*** DATA PROVIDED

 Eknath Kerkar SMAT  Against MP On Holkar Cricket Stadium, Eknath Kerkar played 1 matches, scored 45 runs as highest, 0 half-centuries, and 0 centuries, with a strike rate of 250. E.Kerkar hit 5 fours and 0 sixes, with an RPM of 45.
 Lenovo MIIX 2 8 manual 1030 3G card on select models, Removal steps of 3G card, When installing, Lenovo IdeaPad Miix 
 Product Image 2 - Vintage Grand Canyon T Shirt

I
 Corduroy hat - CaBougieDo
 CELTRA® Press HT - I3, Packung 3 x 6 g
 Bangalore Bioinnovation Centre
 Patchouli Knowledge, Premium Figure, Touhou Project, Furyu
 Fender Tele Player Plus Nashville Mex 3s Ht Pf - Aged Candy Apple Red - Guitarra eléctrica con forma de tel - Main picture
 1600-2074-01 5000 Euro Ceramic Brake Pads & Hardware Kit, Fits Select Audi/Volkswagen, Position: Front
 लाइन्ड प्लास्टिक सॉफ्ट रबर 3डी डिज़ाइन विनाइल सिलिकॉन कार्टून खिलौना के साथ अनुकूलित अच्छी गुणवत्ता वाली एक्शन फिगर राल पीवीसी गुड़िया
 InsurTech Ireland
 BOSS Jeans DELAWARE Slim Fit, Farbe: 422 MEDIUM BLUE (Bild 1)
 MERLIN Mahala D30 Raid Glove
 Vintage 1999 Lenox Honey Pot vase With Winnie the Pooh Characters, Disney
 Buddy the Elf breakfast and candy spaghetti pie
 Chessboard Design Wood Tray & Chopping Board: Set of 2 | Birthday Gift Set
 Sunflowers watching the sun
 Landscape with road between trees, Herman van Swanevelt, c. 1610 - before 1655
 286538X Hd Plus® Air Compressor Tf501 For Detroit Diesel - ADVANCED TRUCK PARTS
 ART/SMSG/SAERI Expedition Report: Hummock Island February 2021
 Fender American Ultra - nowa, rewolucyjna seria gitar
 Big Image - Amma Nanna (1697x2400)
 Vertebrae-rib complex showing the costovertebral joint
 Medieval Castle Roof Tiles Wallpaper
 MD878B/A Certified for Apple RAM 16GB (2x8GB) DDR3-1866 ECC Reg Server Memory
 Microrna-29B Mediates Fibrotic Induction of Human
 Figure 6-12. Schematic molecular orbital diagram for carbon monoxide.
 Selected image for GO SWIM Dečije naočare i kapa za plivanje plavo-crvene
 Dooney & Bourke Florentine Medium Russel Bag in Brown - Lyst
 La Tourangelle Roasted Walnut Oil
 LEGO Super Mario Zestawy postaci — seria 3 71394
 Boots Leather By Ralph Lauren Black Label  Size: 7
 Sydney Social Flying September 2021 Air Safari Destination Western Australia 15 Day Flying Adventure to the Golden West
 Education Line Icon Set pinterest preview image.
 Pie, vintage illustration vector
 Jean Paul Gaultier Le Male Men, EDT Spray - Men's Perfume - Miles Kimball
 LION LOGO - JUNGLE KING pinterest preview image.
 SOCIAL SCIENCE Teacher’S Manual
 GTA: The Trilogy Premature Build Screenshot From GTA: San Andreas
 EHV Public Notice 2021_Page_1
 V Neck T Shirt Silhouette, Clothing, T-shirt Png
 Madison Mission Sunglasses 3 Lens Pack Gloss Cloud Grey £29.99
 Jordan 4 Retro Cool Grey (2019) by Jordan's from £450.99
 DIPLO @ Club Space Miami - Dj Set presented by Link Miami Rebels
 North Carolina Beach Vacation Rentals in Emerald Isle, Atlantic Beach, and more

******

■ HOW TO COMPLETE THIS TASK
How many of the lines in the records include the word "Shirt"? Only the number should be given.

■ WRITTEN SOLUTION
2